Your tractor has been modified, and that button mo longer performs the function that is was originally designed for. So you can ignore it or remove it. That's up to you.

The original function of that button, as per that answer I found earlier, and as per the video you linked to, was/is a safety function so that if you inadvertantly put the gear shift into the start position, it wouldn't engage the starter motor, preventing damage to the starter motor and starter gears.

And looks like a farmer modified your tractor by putting that extension rod on it, to make starting less of a chore.

Cheers


----------



## vanoss

Can someone sugest me a program which i can browse tractor parts ? Including my old tractor


----------



## rocket

vanoss said:


> Can someone sugest me a program which i can browse tractor parts ? Including my old tractor


Probably all you will get are workshop manuals.

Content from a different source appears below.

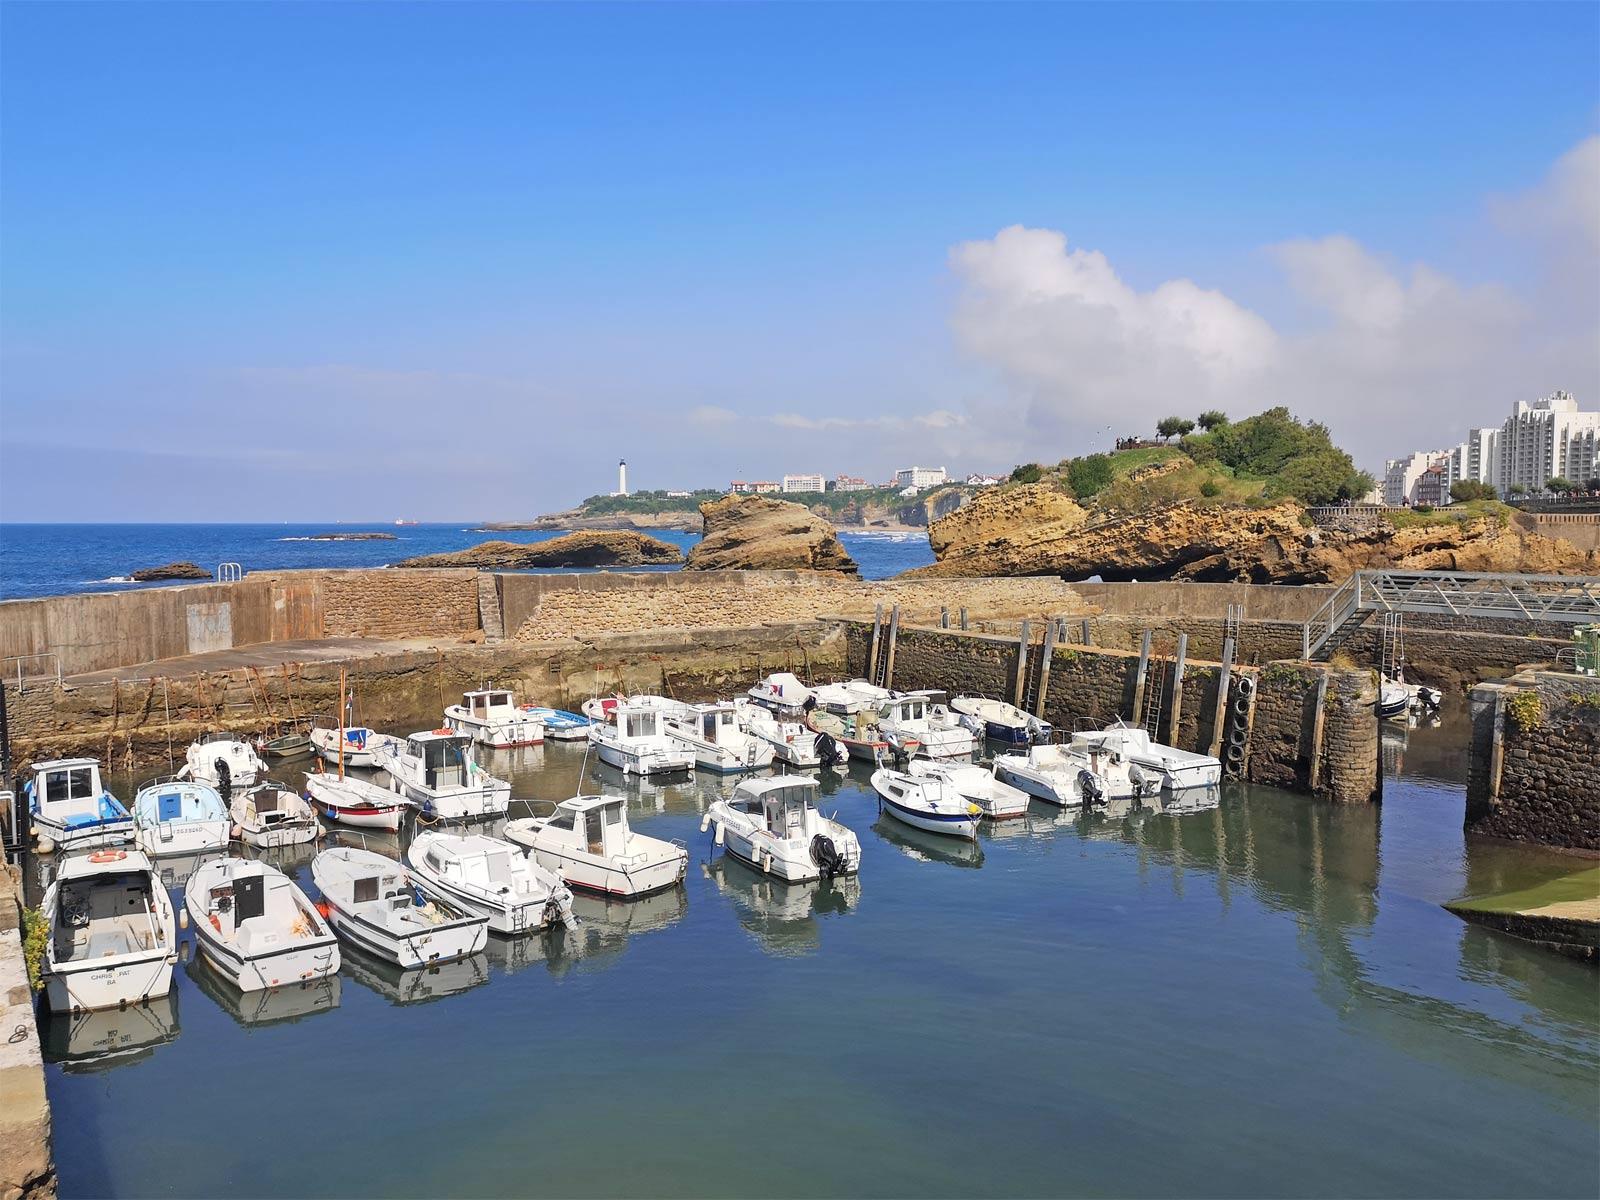 Vieux port Biarritz

You may be able to give Google a shot though. There are plenty of Litle Grey Fergie sites around. 

Cheers


----------



## vanoss

Can someone help me with a part code, for piece nr 18 in the image. Tractor model: TEF20. I can't find that seal on parts shop, they ask me for a code, and the one writen on the piece is not good...


----------



## Sanddawg

http://www.sparexusa.com/Catalogs/Ferguson/RearAxle.pdf

Sparex #S.41417

Sparex complete Seal Kit # S.42078


----------



## rocket

vanoss said:


> Can someone help me with a part code, for piece nr 18 in the image. Tractor model: TEF20.


As Sanddawg says, and there is also this part number Federal Mogul 410987

http://www.ebay.com/ctg/National-Oil-Seals-410987-Wheel-Seal-/79028801

and

http://www.carpartkings.com/driveli...ents/timken-rear-inner-wheel-seal-410987.html

You can try putting "seal 410987" or "seal s.41417" into Google.

Cheers.


----------



## vanoss

I'm going crazy, i tried 4 parts stores and get the same answer, the dimensions in their program are 48x73x13 mm, but i need 50x73x13 (interior x exterior x height).
I found on market seal with 70x50x12... i made a 3 mm sleeve, around of an 70mm seal to get it on 73mm.I hope to work, and have no leaks....


----------



## Sanddawg

vanoss said:


> I'm going crazy, i tried 4 parts stores and get the same answer, the dimensions in their program are 48x73x13 mm, but i need 50x73x13 (interior x exterior x height).
> I found on market seal with 70x50x12... i made a 3 mm sleeve, around of an 70mm seal to get it on 73mm.I hope to work, and have no leaks....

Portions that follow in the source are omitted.